[[ Available records open ]]

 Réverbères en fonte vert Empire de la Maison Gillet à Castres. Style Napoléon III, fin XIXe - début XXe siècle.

[[ Available records closed ]]
[[ Available records open ]]

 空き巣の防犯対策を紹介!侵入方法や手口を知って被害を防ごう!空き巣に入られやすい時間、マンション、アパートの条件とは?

[[ Available records closed ]]
[[ Available records open ]]

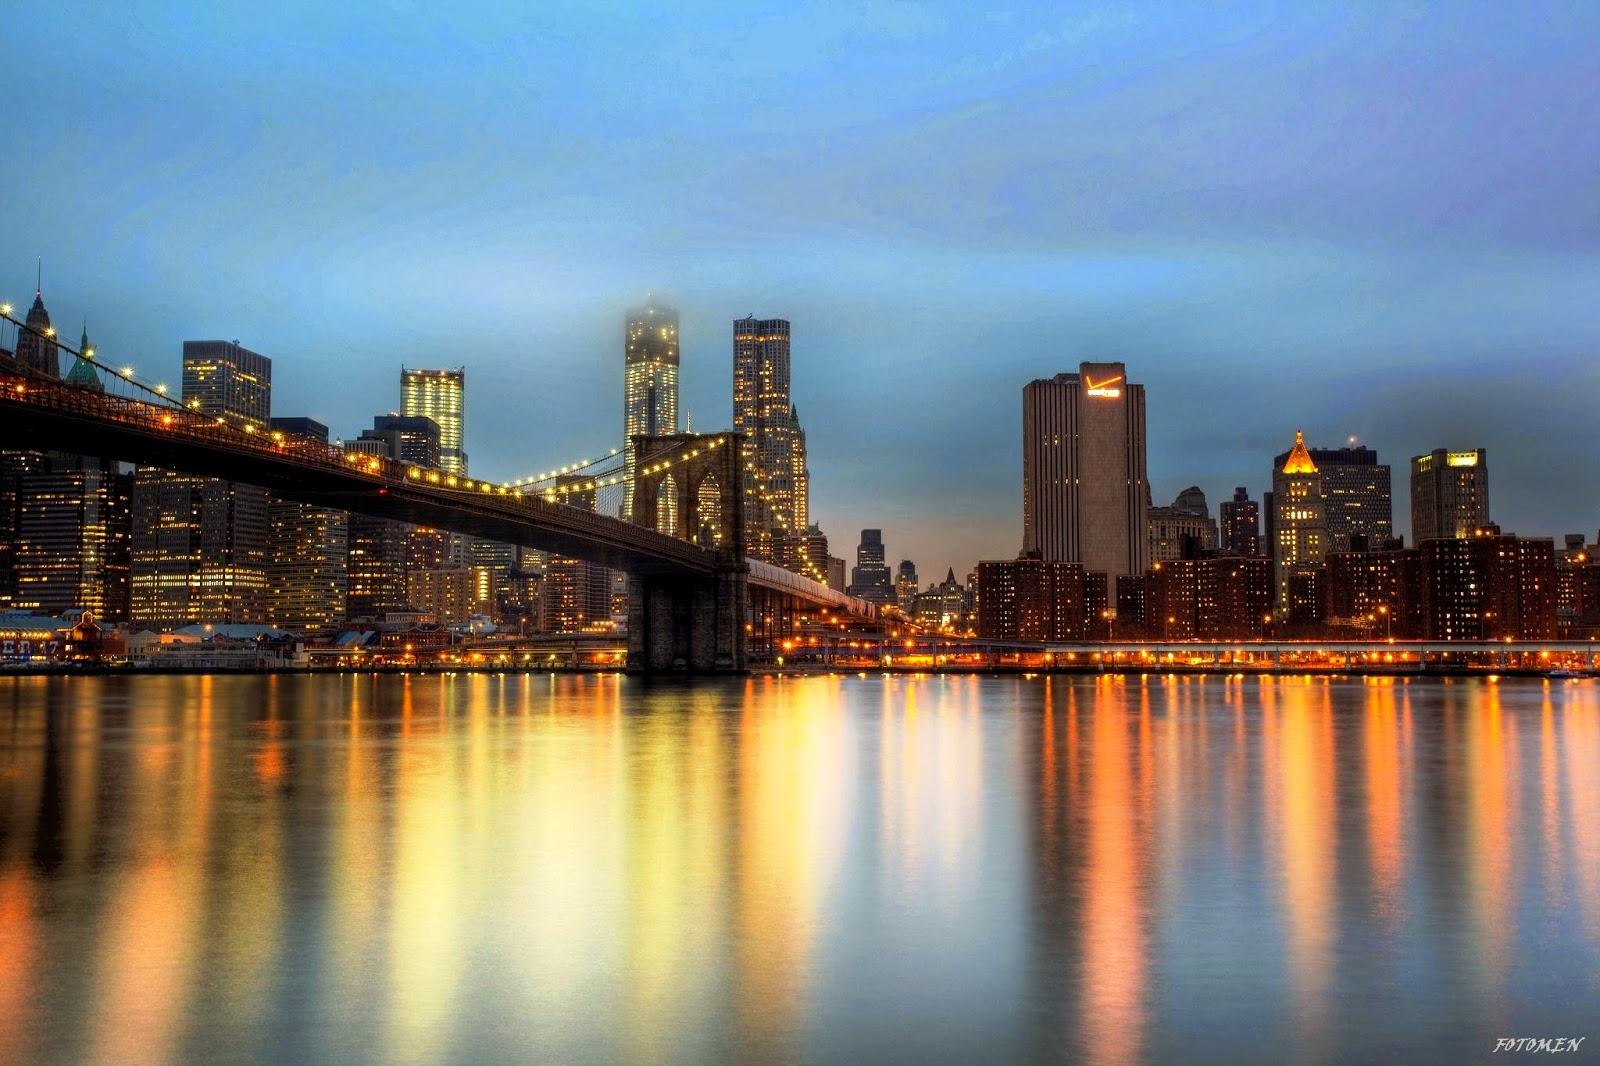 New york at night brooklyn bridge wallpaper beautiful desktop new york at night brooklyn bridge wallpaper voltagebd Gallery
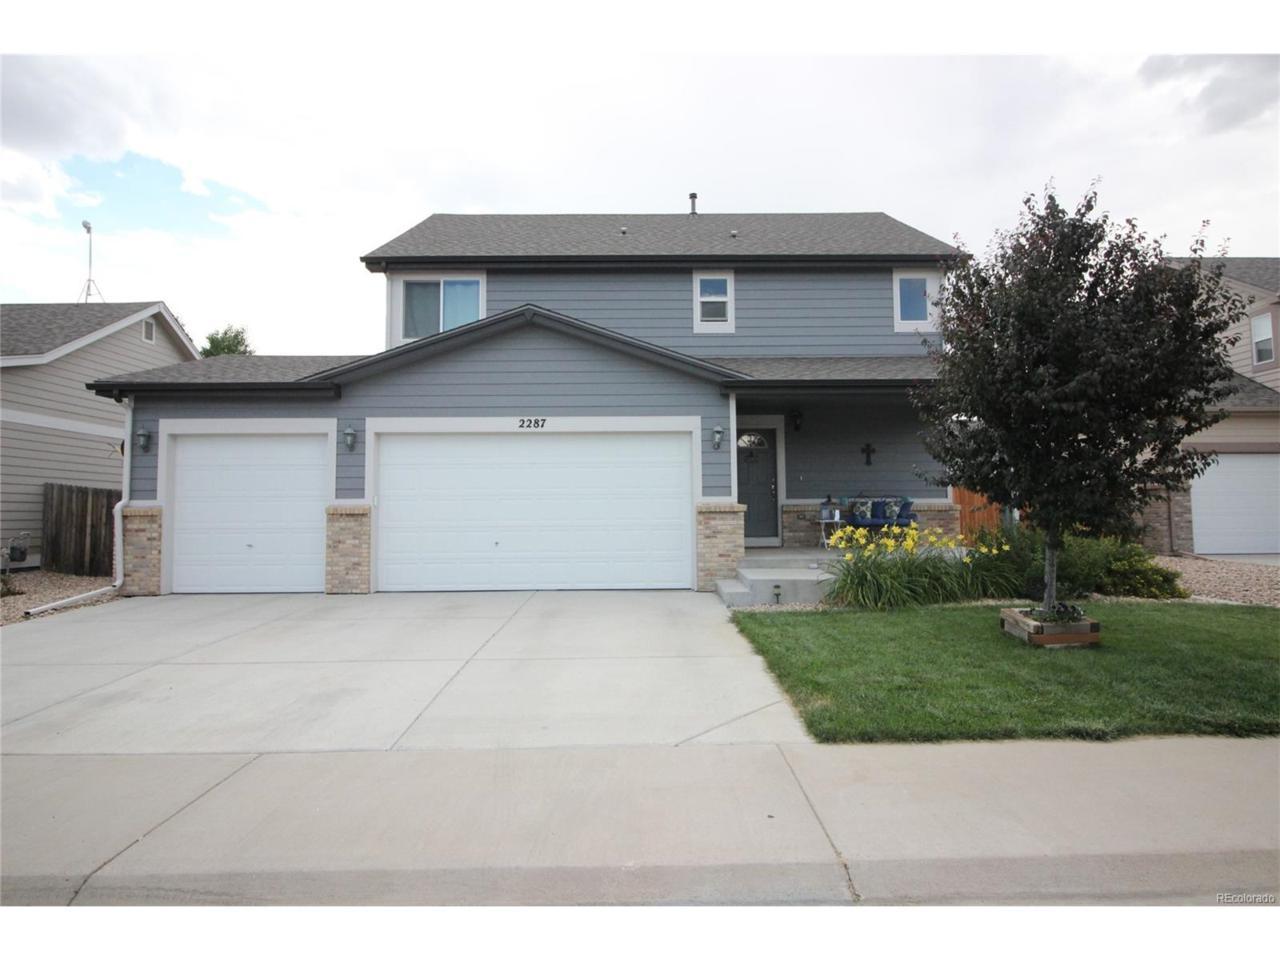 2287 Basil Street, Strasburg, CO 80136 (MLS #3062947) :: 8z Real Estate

[[ Available records closed ]]

• [Aim of the exercise]
Leave the pictures out, and transcribe exactly the lines above starting at the one that contains "New york at night brooklyn bridge wallpaper beautiful" and ending at the one that contains "2287 Basil Street, Strasburg, CO".

• [Result of this exercise]
 New york at night brooklyn bridge wallpaper beautiful desktop new york at night brooklyn bridge wallpaper voltagebd Gallery
 2287 Basil Street, Strasburg, CO 80136 (MLS #3062947) :: 8z Real Estate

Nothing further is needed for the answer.